On February 26, 2004, First Data Corporation (First Data) consummated the acquisition of Concord EFS, Inc. (Concord) pursuant to the terms of the previously disclosed Agreement and Plan of Merger, dated April 1, 2003, as amended by the Amendment and Abeyance Agreement, dated December 14, 2003 (collectively the Merger Agreement), among First Data, Monaco Subsidiary Corporation (Monaco), a wholly owned subsidiary of First Data, and Concord. Pursuant to the Merger Agreement, Monaco was merged with and into Concord (the Merger), with Concord surviving the Merger as a wholly owned subsidiary of First Data.

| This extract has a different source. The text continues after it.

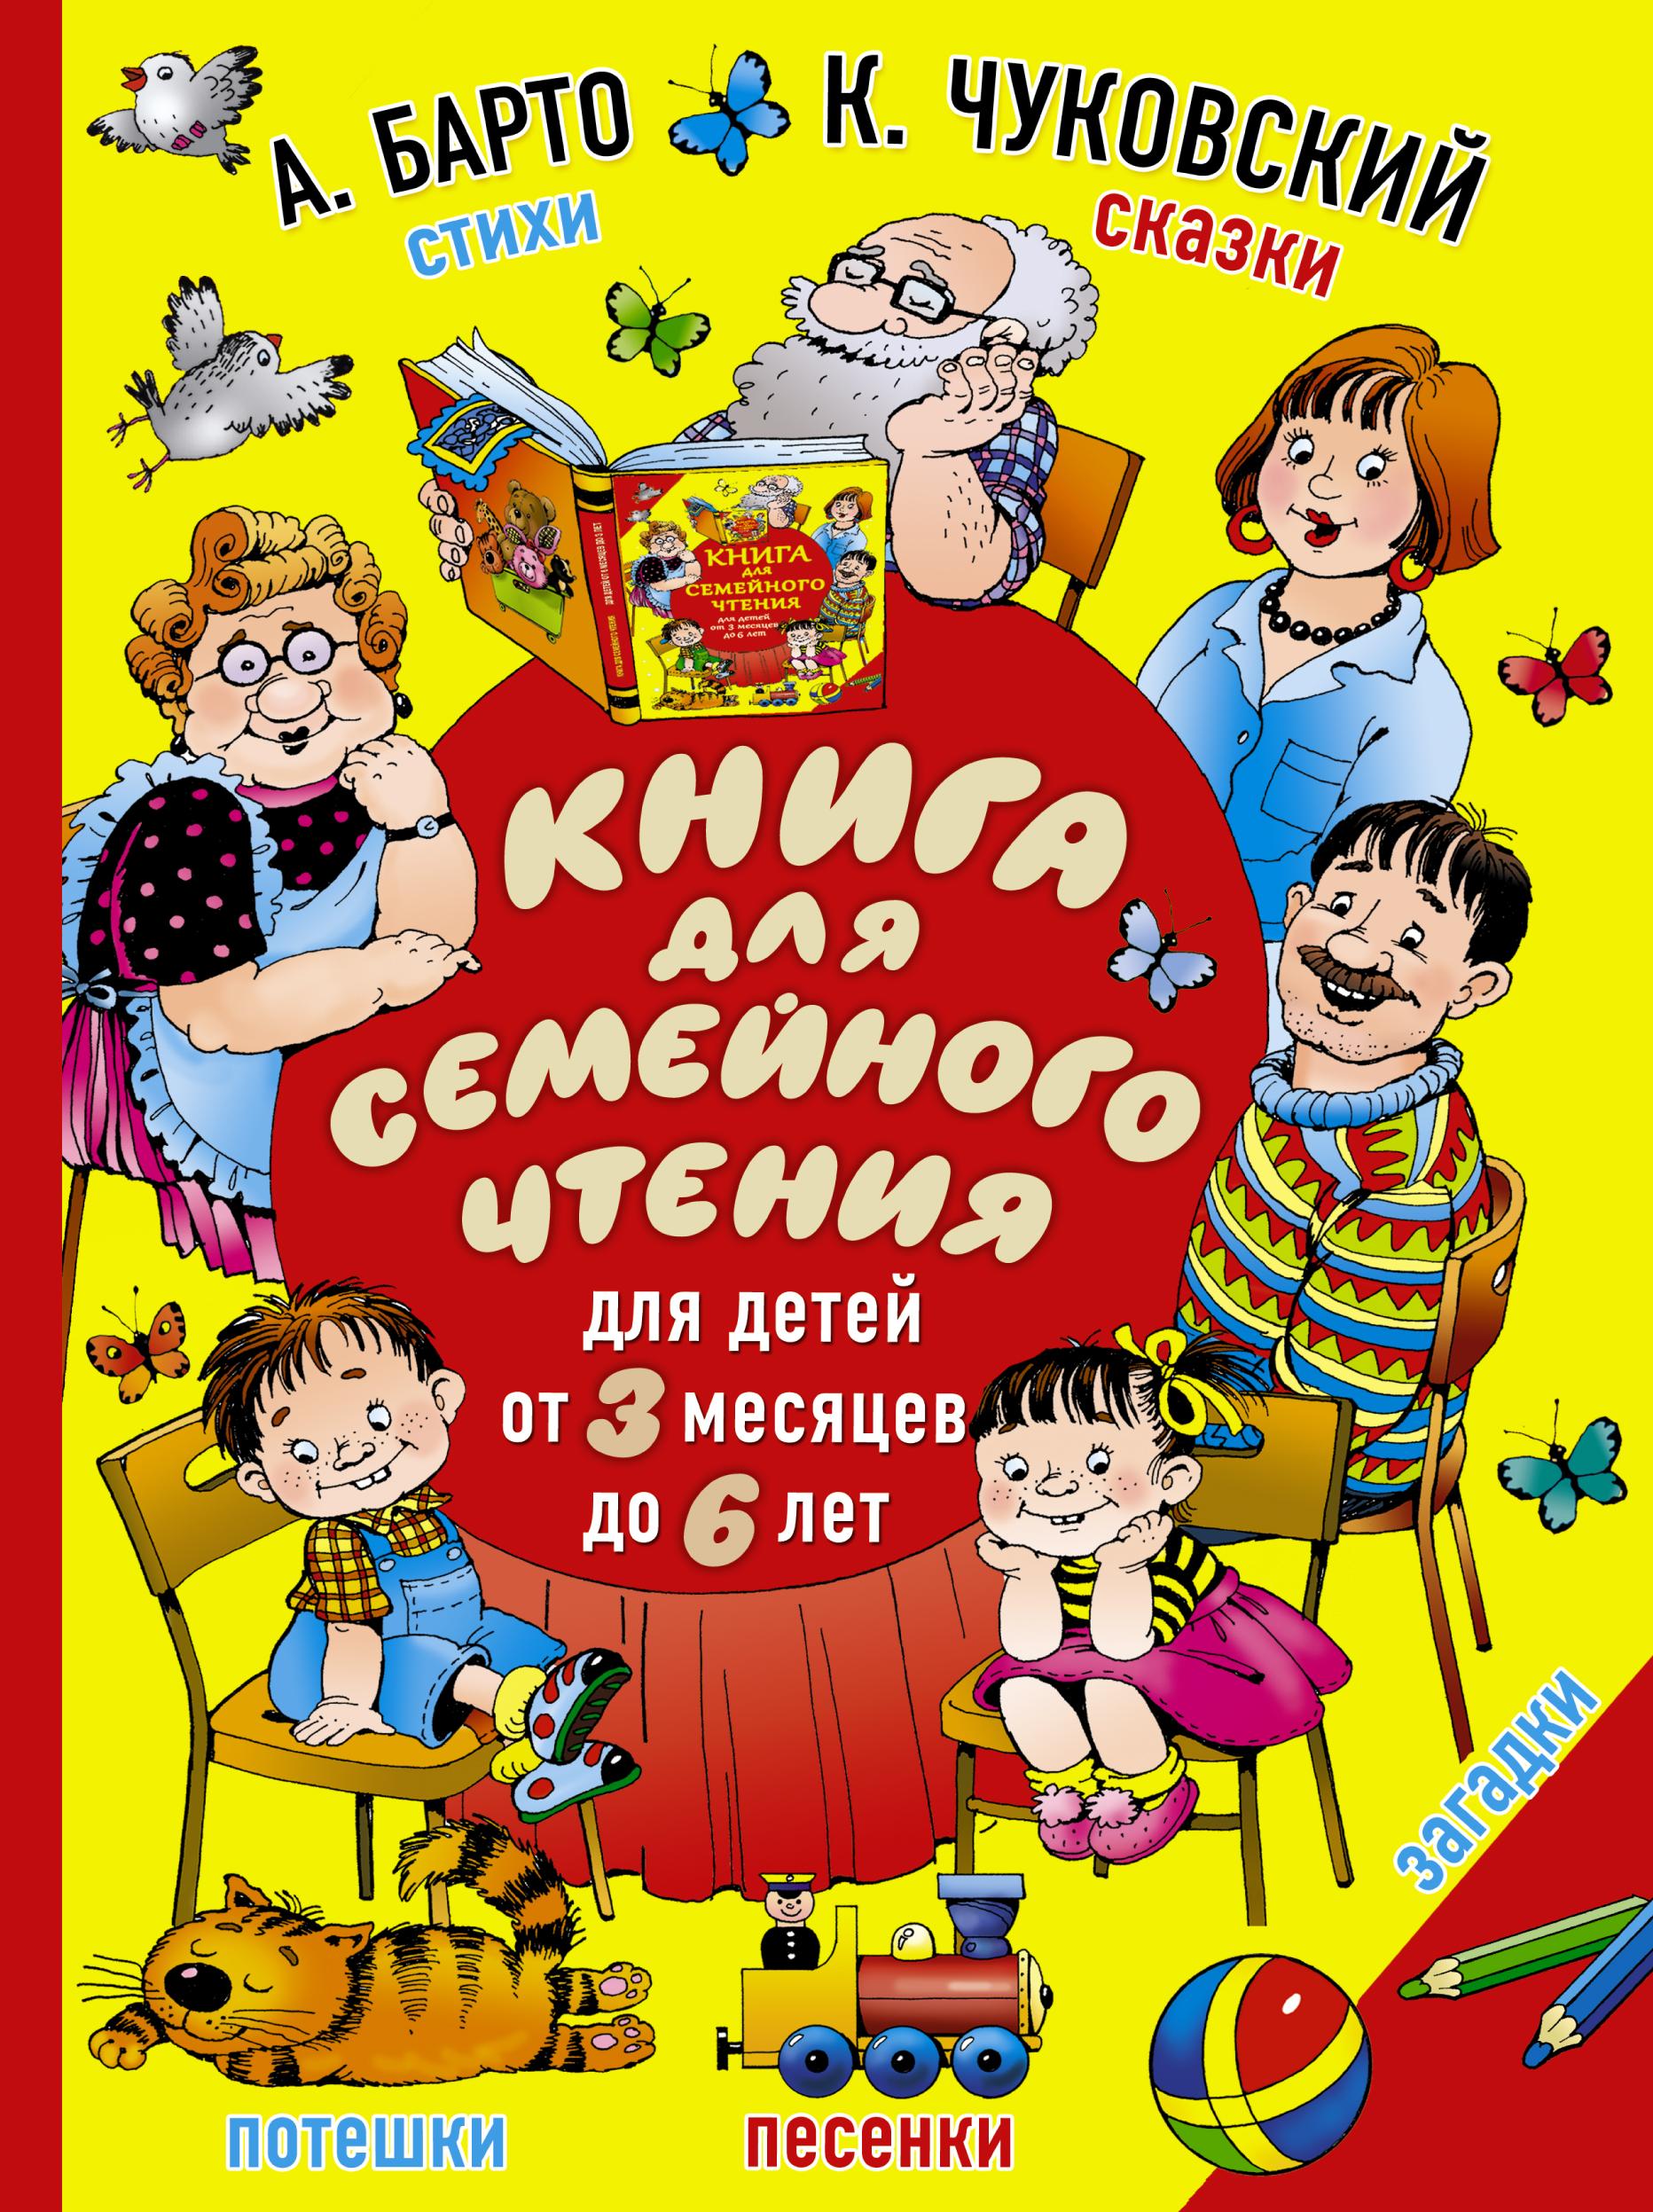 Купить Книга для семейного чтения: для детей от 3 месяцев до 6 лет, АСТ, Книги по обучению и развитию детей

As a result of the Merger, Concord shareholders received 0.365 of a share of First Data common stock for each share of Concord common stock they hold. To complete the Merger pursuant to the exchange ratio, First Data issued approximately 170 million shares of First Data common stock to Concord shareholders, and assumed options which converted into options to purchase approximately 21 million shares of First Data common stock. First Data did not issue fractional shares pursuant to the Merger and will pay cash for such fractional shares from cash on hand. In connection with the Merger, Mr. Richard P. Kiphart, the Chairman of Concord, became a director of First Data.
The description of the Merger Agreement contained in this Current Report on Form 8-K is qualified in its entirety by reference to the text of the Merger Agreement, which is incorporated herein by reference to Exhibits 2.1 and 2.2 to this Current Report on Form 8-K.

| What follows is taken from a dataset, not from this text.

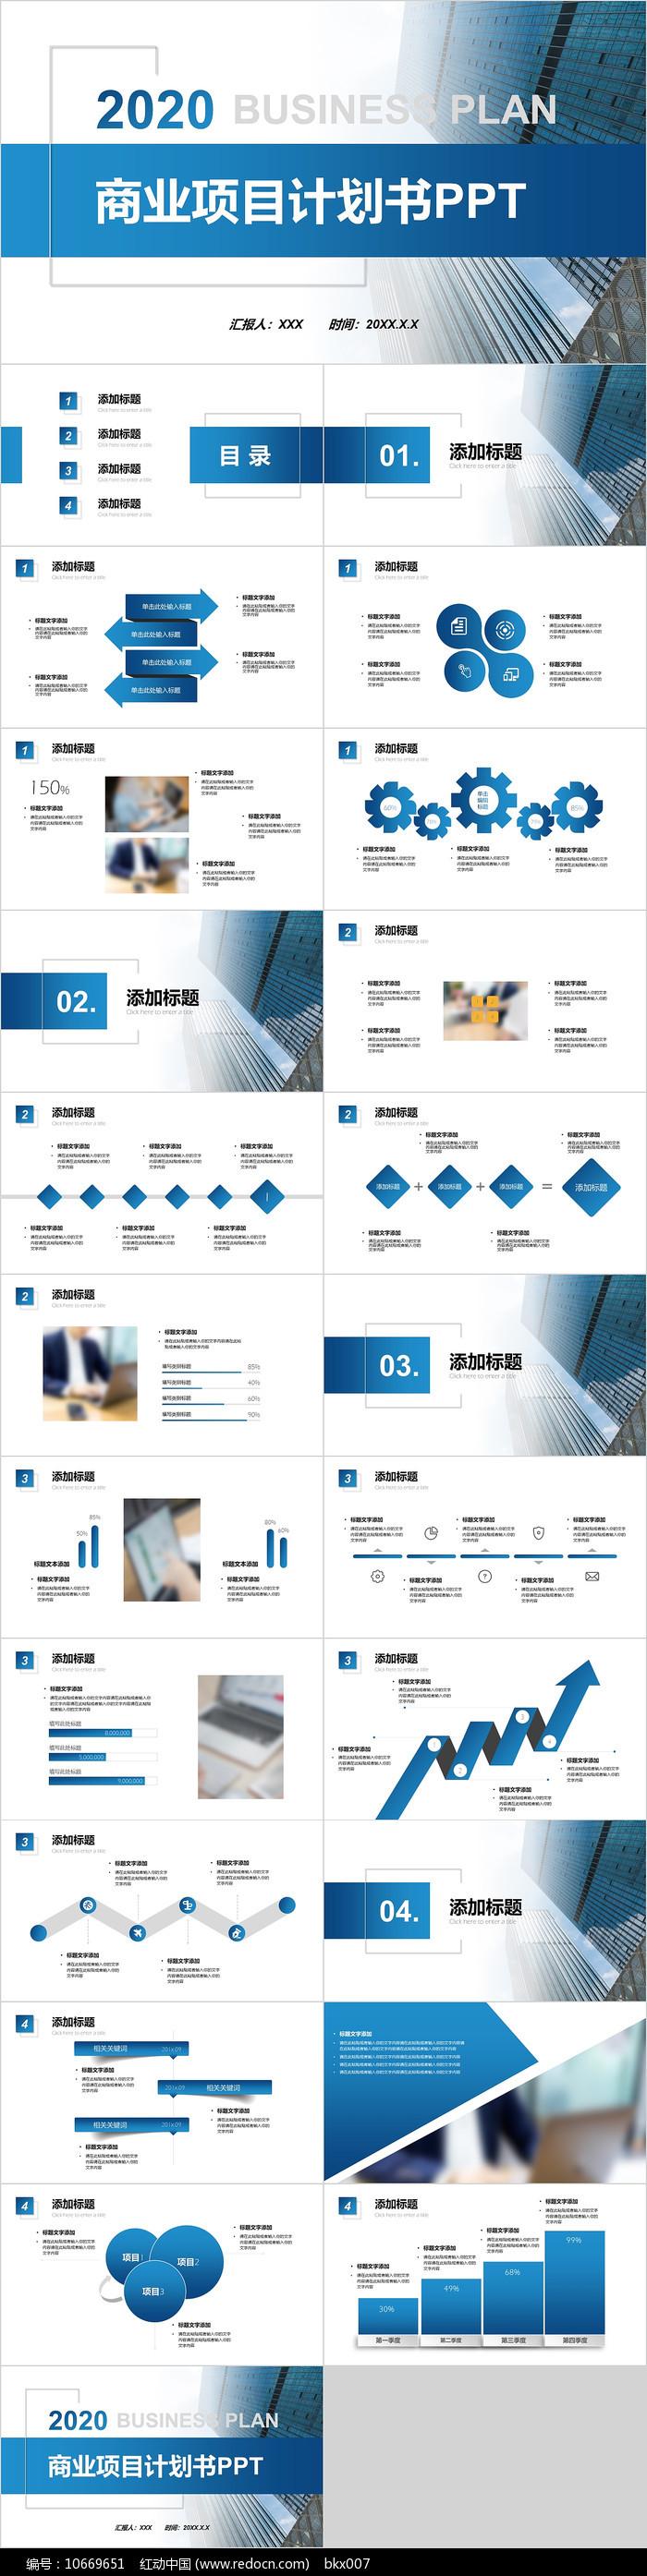 蓝色商业项目计划书PPT模板图片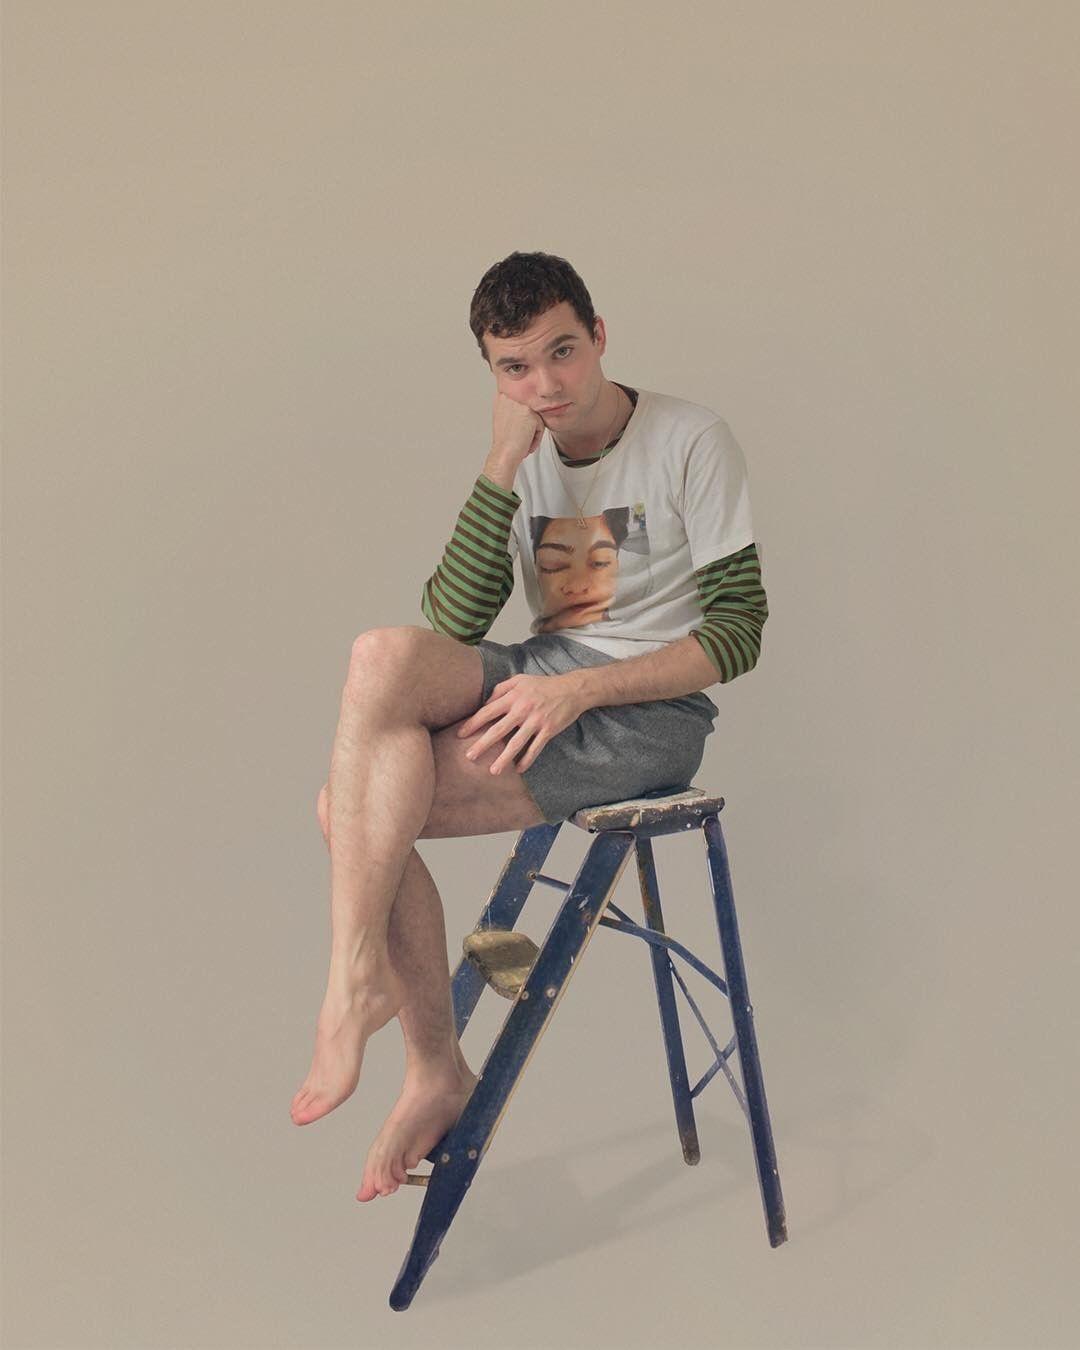 chico joven sentado

Item 7. Financial Statements and Exhibits.
(a) | Financial Statements of Businesses Acquired. |
Not applicable. The required financial statements of Concord EFS, Inc. were previously filed with Post-Effective Amendment No. 2 to First Datas Registration Statement on Form S-4 (Registration No. 333-105432) filed on January 24, 2004 and, accordingly, are not required to be filed herewith pursuant to General Instruction B.3 of Form 8-K.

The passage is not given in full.